Я почувствовал себя таким счастливым, что тотчас пробудился, мокрый от пота, но совершенно без жара. <…> доктор кинулся к моей постели <…> он торжественно тряс мне руку <…> „Поздравляю Вас, Вы победили болезнь. Вот уж не думал, что это возможно” <…> я испытал на себе, что неведомая божественная сила <…> умеет вмешаться в судьбу каждой личности. Накануне прихода коммунистов я потребовал, чтобы меня взяли из больницы <…> предчувствие не обмануло меня. Когда назавтра в полдень врач посетил меня, я едва узнал его. За предыдущую ночь голова его стала седой как лунь. <…> За исключением меня среди пациентов больницы были одни только раненые солдаты <…> все эти молодые люди были расстреляны прямо на больничных койках».

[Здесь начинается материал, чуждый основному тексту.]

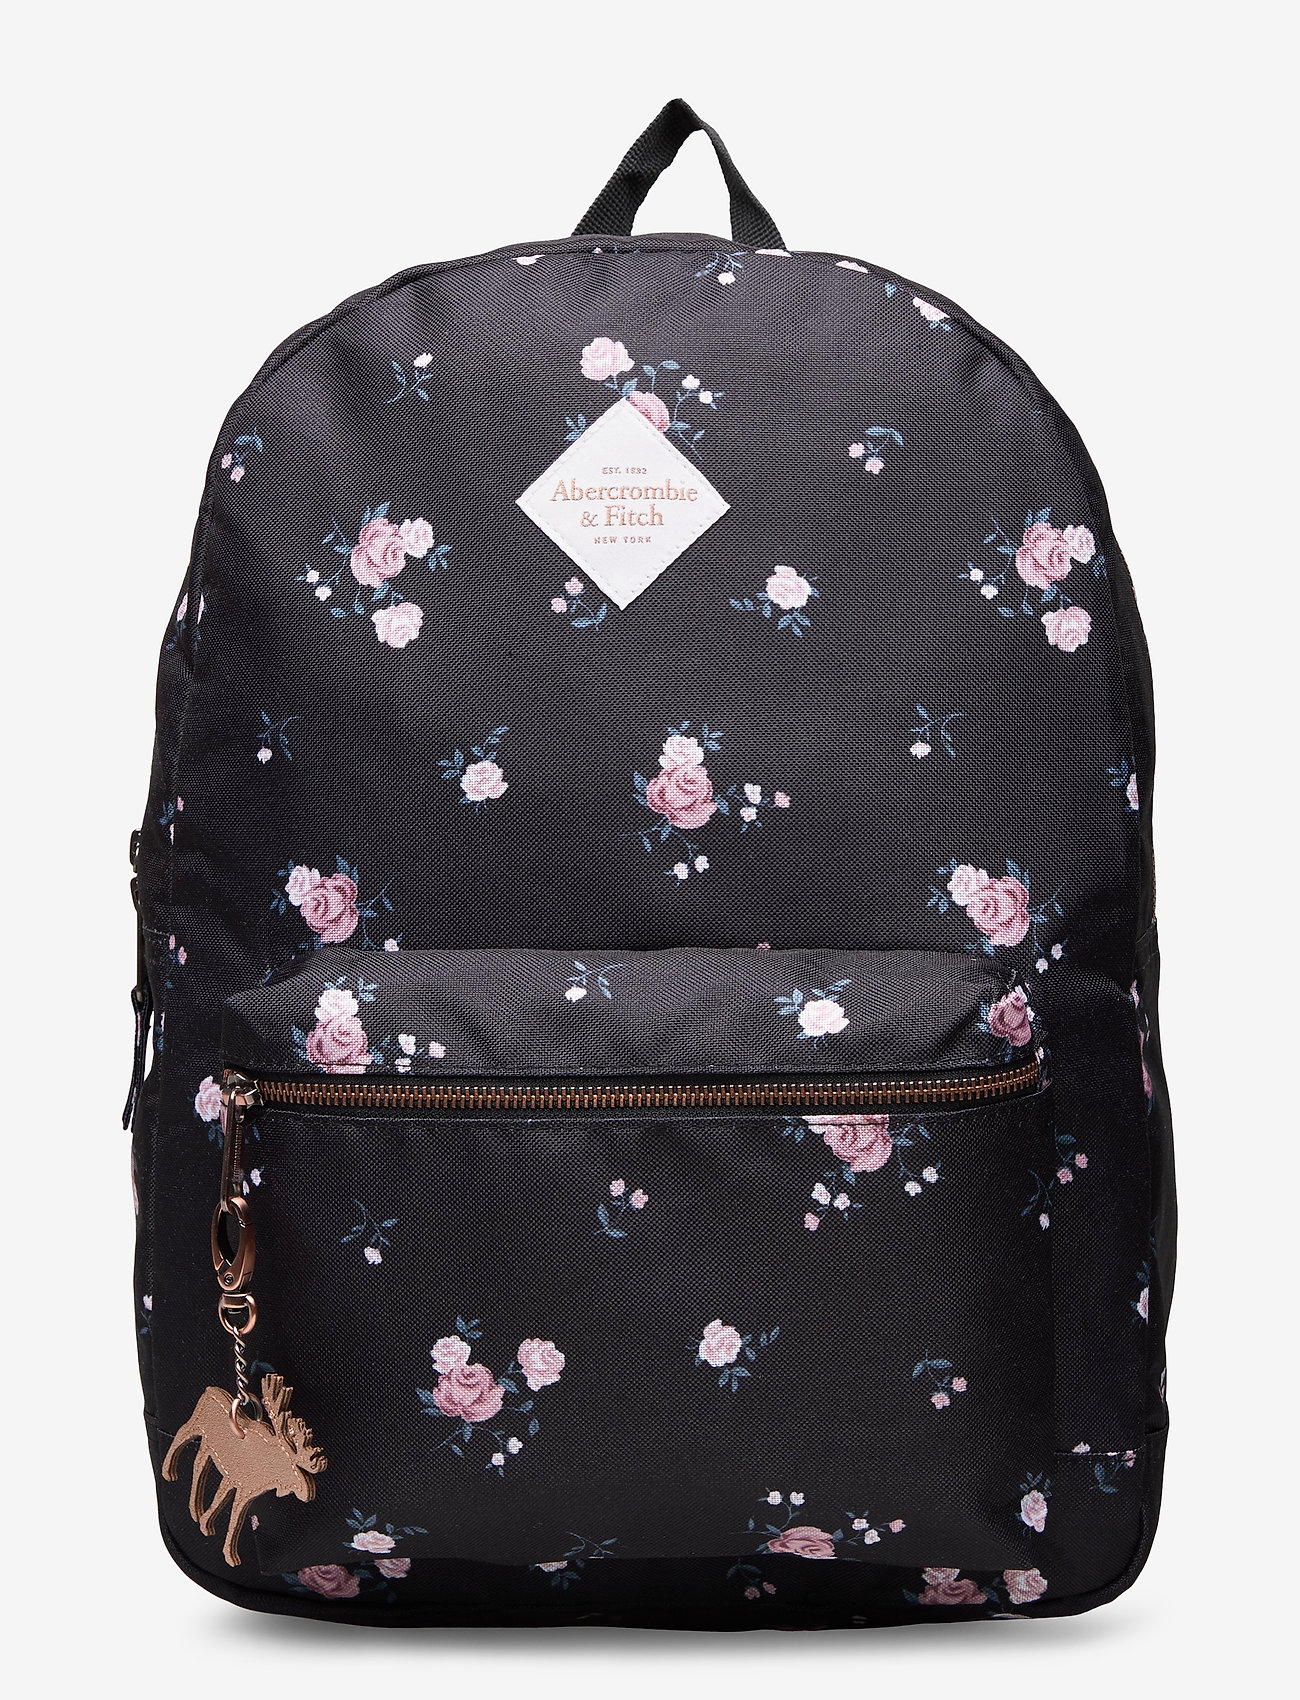 abercrombie kids backpack
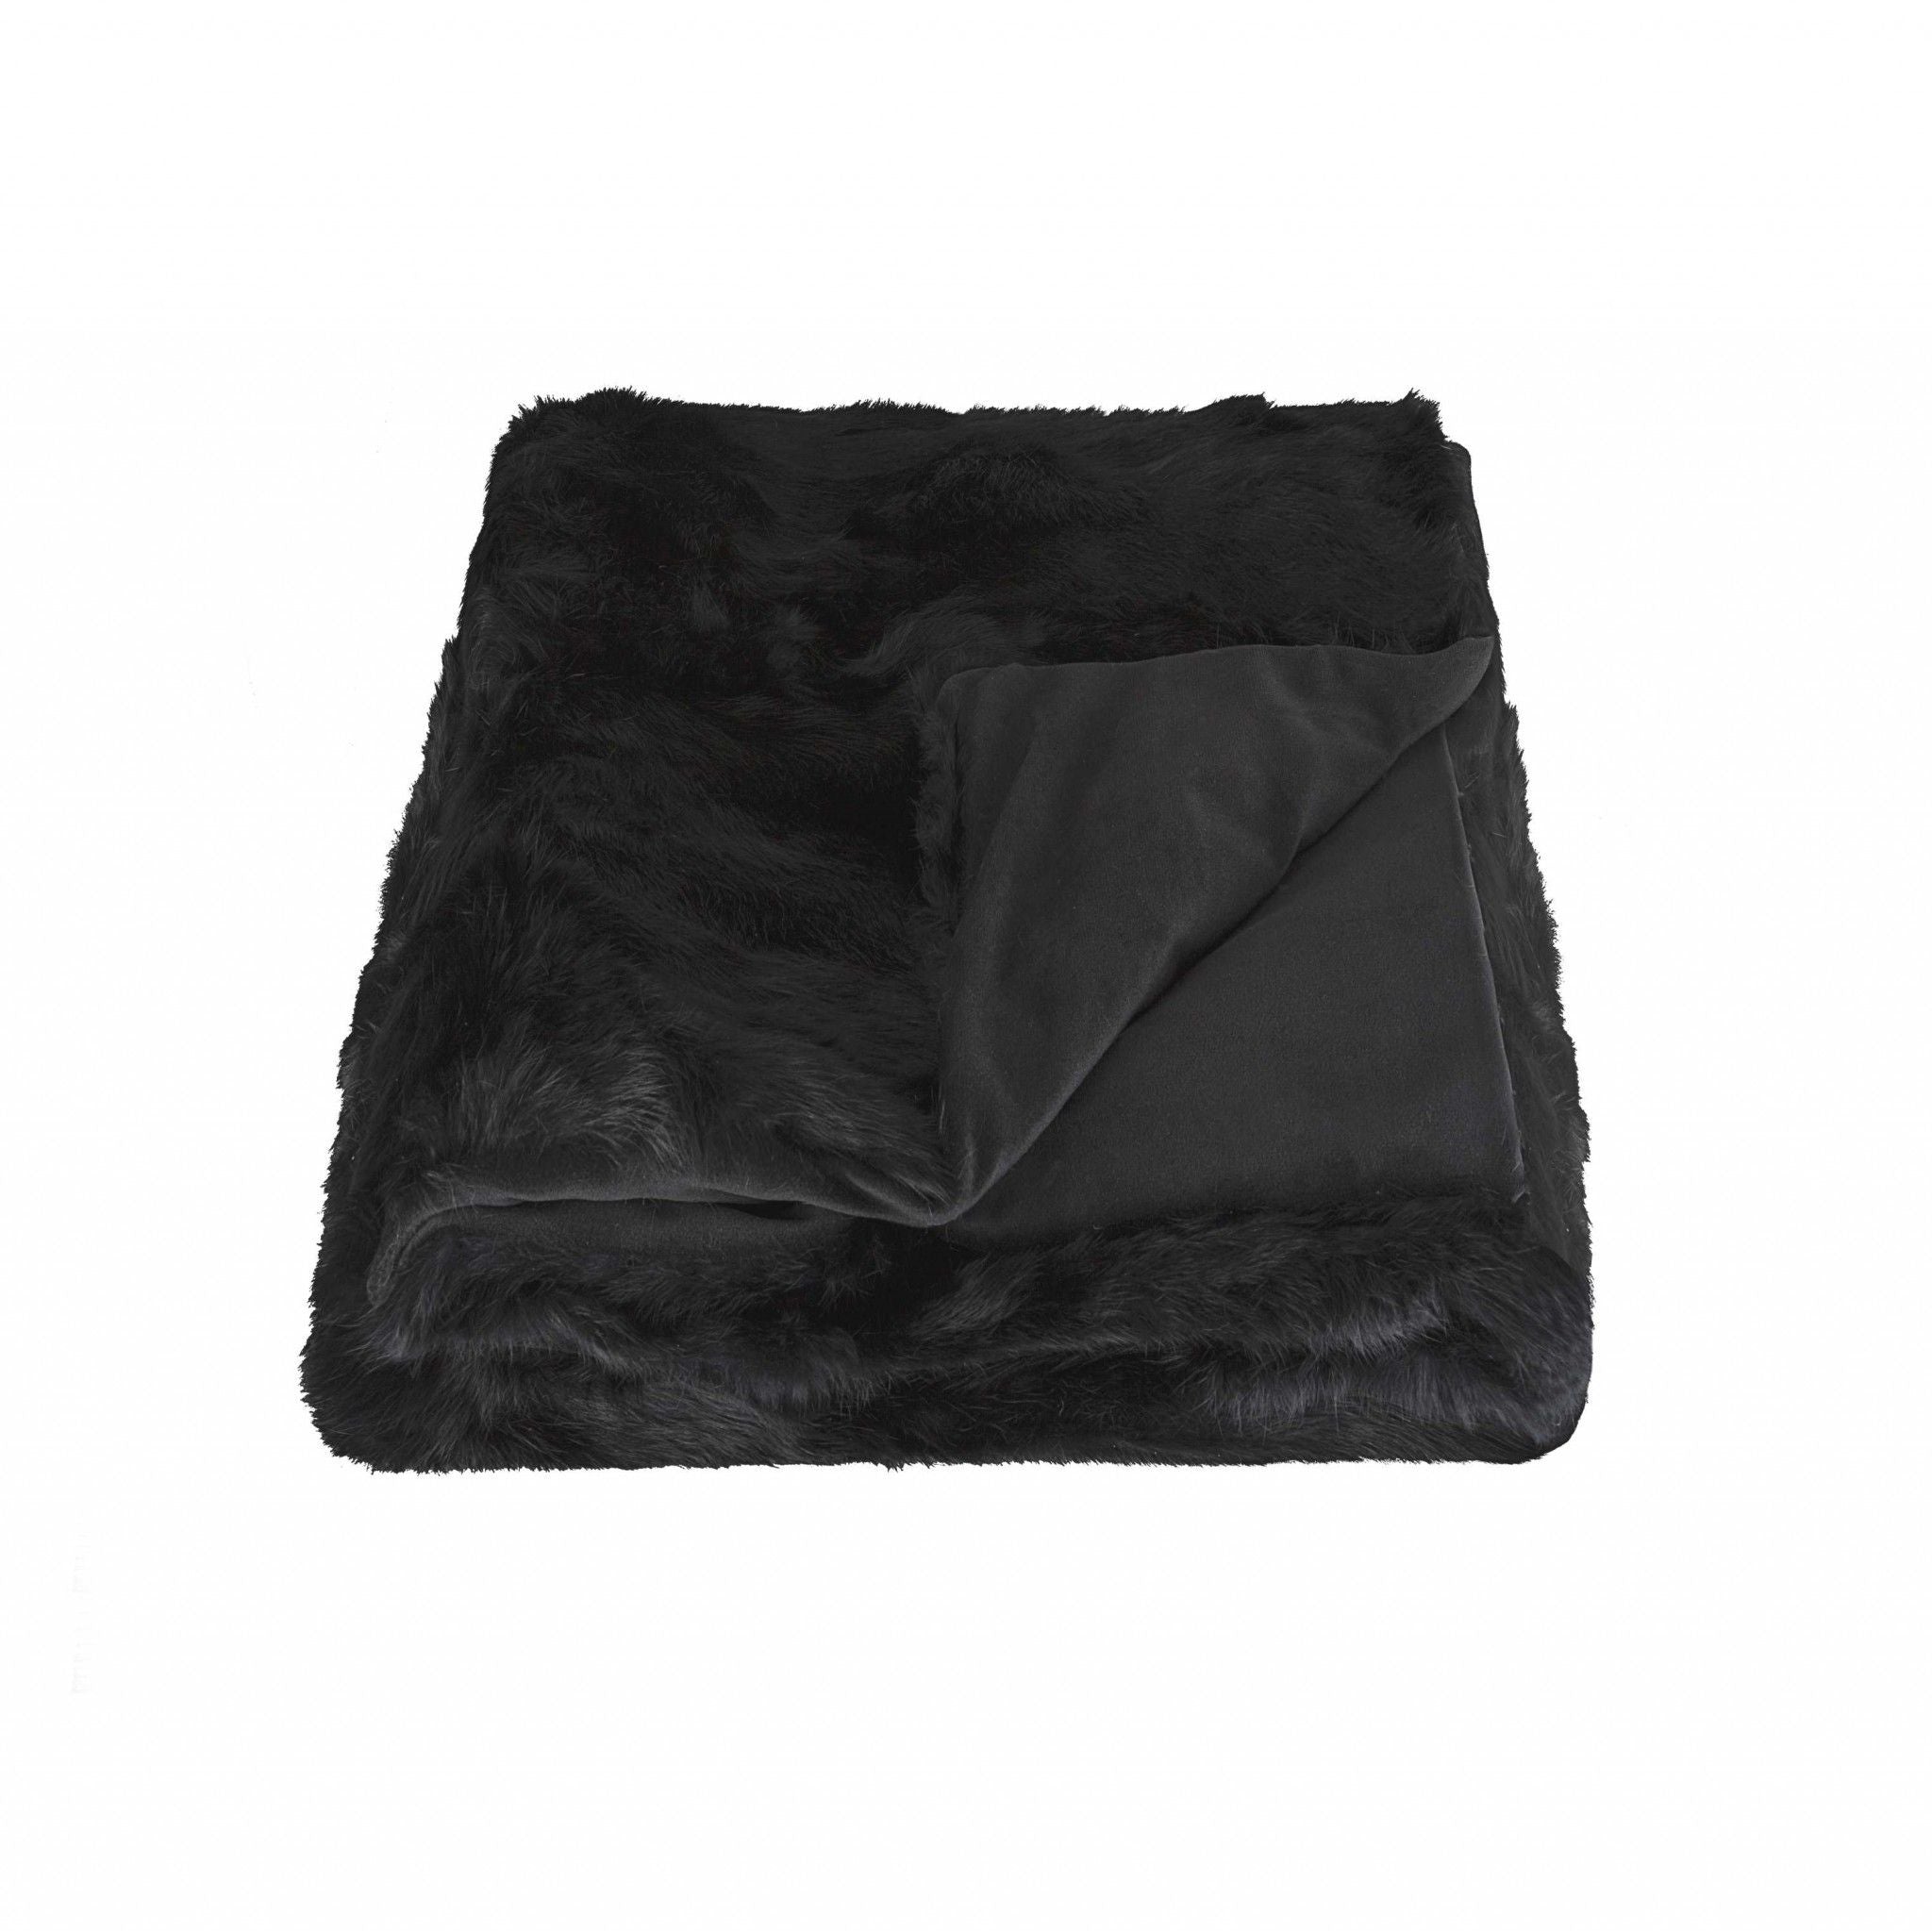 Natural Rabbit Fur Black Throw Blanket - Team Spirit Store USA

Эмиграция, ставшая для русского музыканта Альбрехта трагедией, все же обернулась для нас благом, ибо таким образом столь заботливое к нему провидение в конце концов спасло для нас замечательного музыканта и уникального человека: «Моим единственным счастьем в жизни было: постигать в любви красоту зримого мира и воплощать свои слуховые впечатления невидимого мира. „Является ли это достаточным основанием для существования?” — не-устанно спрашивал я себя. И отвечал: „Вот мы увидим. Если Бог есть, то Он, наверное, создал существа, подобные мне, для того, чтобы они имели возможность сказать: ‘Мы жили, как могли, и это на самом деле прекрасно‘”».